Wojcinski has lectured at the Ontario Veterinary College and the University of Maryland and authored/co-authored numerous scientific reports, manuscripts, and book chapters. He is Co-Editor for the following books: " The Illustrated Dictionary of Toxicologic Pathology & Safety Science " (published in 2019); " Current Topics in Nonclinical Drug Development, Volume 1 " (published in 2021); " Guideposts for Veterinary Professionals " (published in 2021); " Road to Greatness " (published in 2022); " Toxicologic Pathology: A Primer " (published in 2024); " Current Topics in Nonclinical Drug Development, Volume 2" (published in 2024); " Toxicologic Pathology, Nonclinical Safety Assessment , 3rd Edition" (published in 2025); and " Current Topics in Nonclinical Drug Development, Volume 3 " (due to be published in 2025). Robert H. Spaet''s expertise lies in toxicologic pathology in drug safety assessment, with 45+ years'' experience in the field. He is accredited by the International Academy of Toxicologic Pathology and is certified as a Diplomate, American Board of Toxicology (1989-2025). He obtained his BS and MS degrees in Zoology from Eastern Illinois University and began his career as a Sr. Research Technician at the Franklin McClean Memorial Research Institute, University of Chicago, before joining GD Searle Laboratories as a Parapathologist. He became a Research/Teaching Assistant at the University of Oklahoma Health Sciences Center and completed coursework toward a PhD in Anatomic and Experimental Pathology before joining Ciba-Geigy Pharmaceuticals as a Scientist II in Pathology, Preclinical Safety.

He also completed his oral and written exams for a PhD in Anatomic Pathology at the University of Medicine and Dentistry of New Jersey while working for CIBA. Robert has written many scientific papers in the field of toxicology and toxicologic pathology and holds full membership in several prominent professional societies including the Society of Toxicologic Pathology (US [Silver Member/Silver & Bronze Most Valuable Contributor] and Europe), Society of Toxicology, American College of Toxicology, and is a member of the Roundtable of Toxicology Consultants. While at CIBA/Novartis, he held a series of positions of increasing responsibility to eventually become Director, Translational Sciences, Novartis Institutes for Biomedical Research, Dept of Pathology. His professional experience was broadened as an Exchange Pathologist with CIBA in Basel, Switzerland (1987,1988). He served as International Project Team Preclinical Safety representative for several compounds in development, including two successfully marketed (blockbuster) 2nd and 3rd generation bisphosphonates developed to ameliorate bone loss, Aredia® and Zometa®. In this capacity he authored extensive safety summaries in support of IND/NDA/CTX drug submissions and represented the company as a preclinical safety expert before the FDA and EMEA. For these successes, he was awarded The President''s Distinguished Scientist Citation and The President''s Distinguished Fellow Award. Among other professional activities, he participated in the team teaching of Toxicologic Pathology as an Adjunct Professor in the School of Allied Health Sciences at the UMDNJ from 1999 to 2006.
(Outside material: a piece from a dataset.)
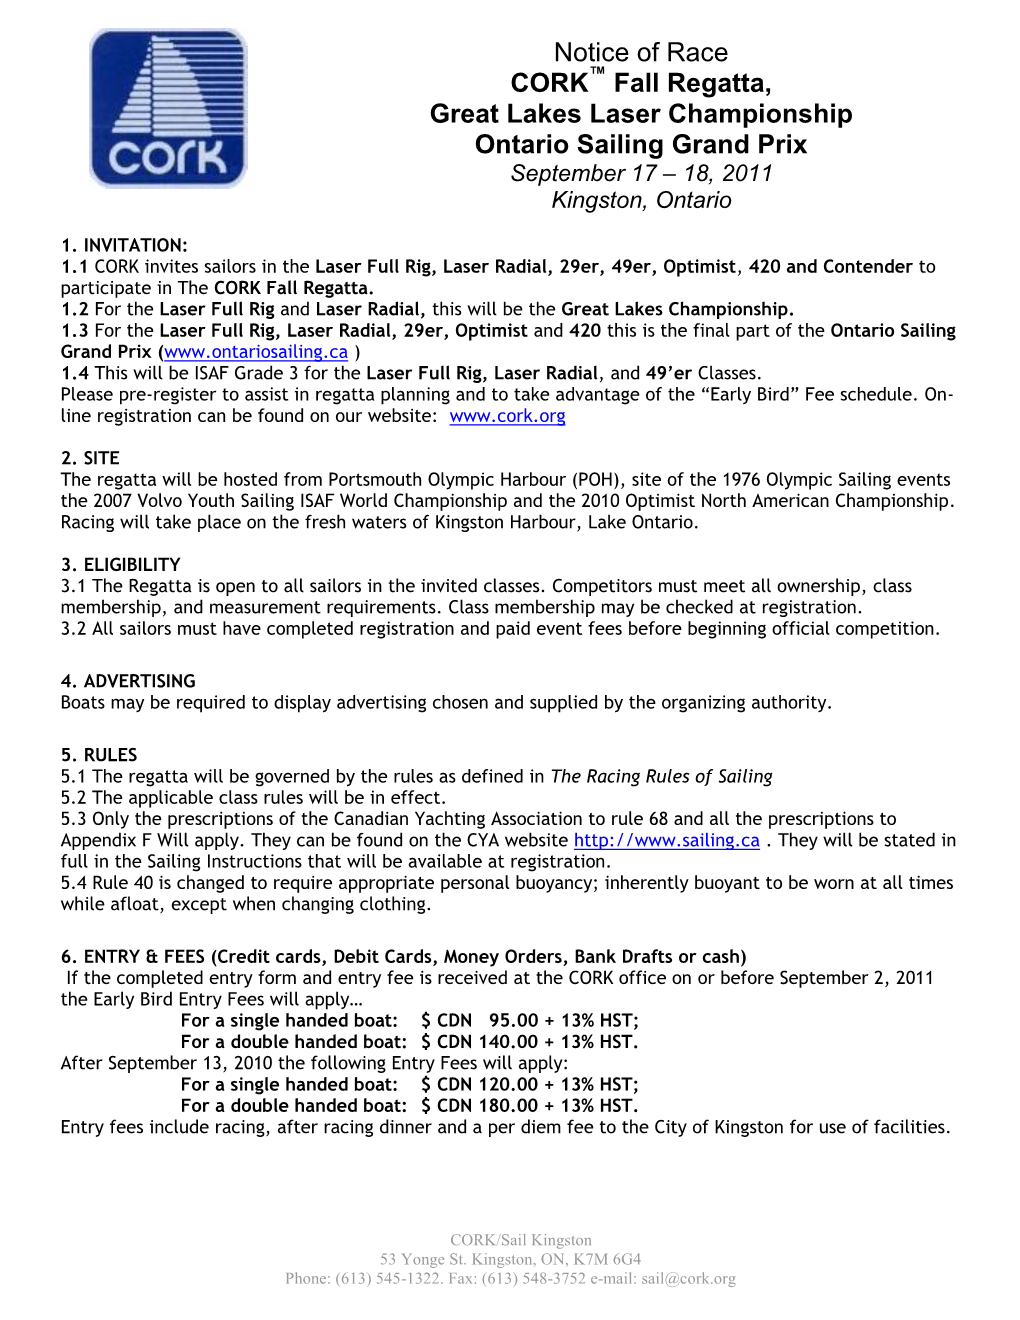 Notice of Race CORK Fall Regatta, Great Lakes Laser Championship

Post-retirement, Robert remains active in toxicologic pathology and nonclinical safety, having established a consultancy, RSPathologics, LLC, in 2013. He co-edited The Illustrated Dictionary of Toxicologic Pathology and Safety Science (May ''19, CRC Press), which was considered the first of its kind published work in the non-clinical safety community. Within a year and a half of publication, the book ranked #5 among the top 100 pharmaceutical texts of all time by BookAuthority https:// bookauthority. org/ about. He recently completed co-editing Toxicologic Pathology: A Primer (March ''24, CRC Press ) . He has been a member of several high-profile groups, including the Society of Toxicologic Pathology''s Science and Regulatory Policy Committee, the STP Membership, Fundraising (Co-Chair) and Tox/Path Forum (Chair) Committees, and the European Society of T.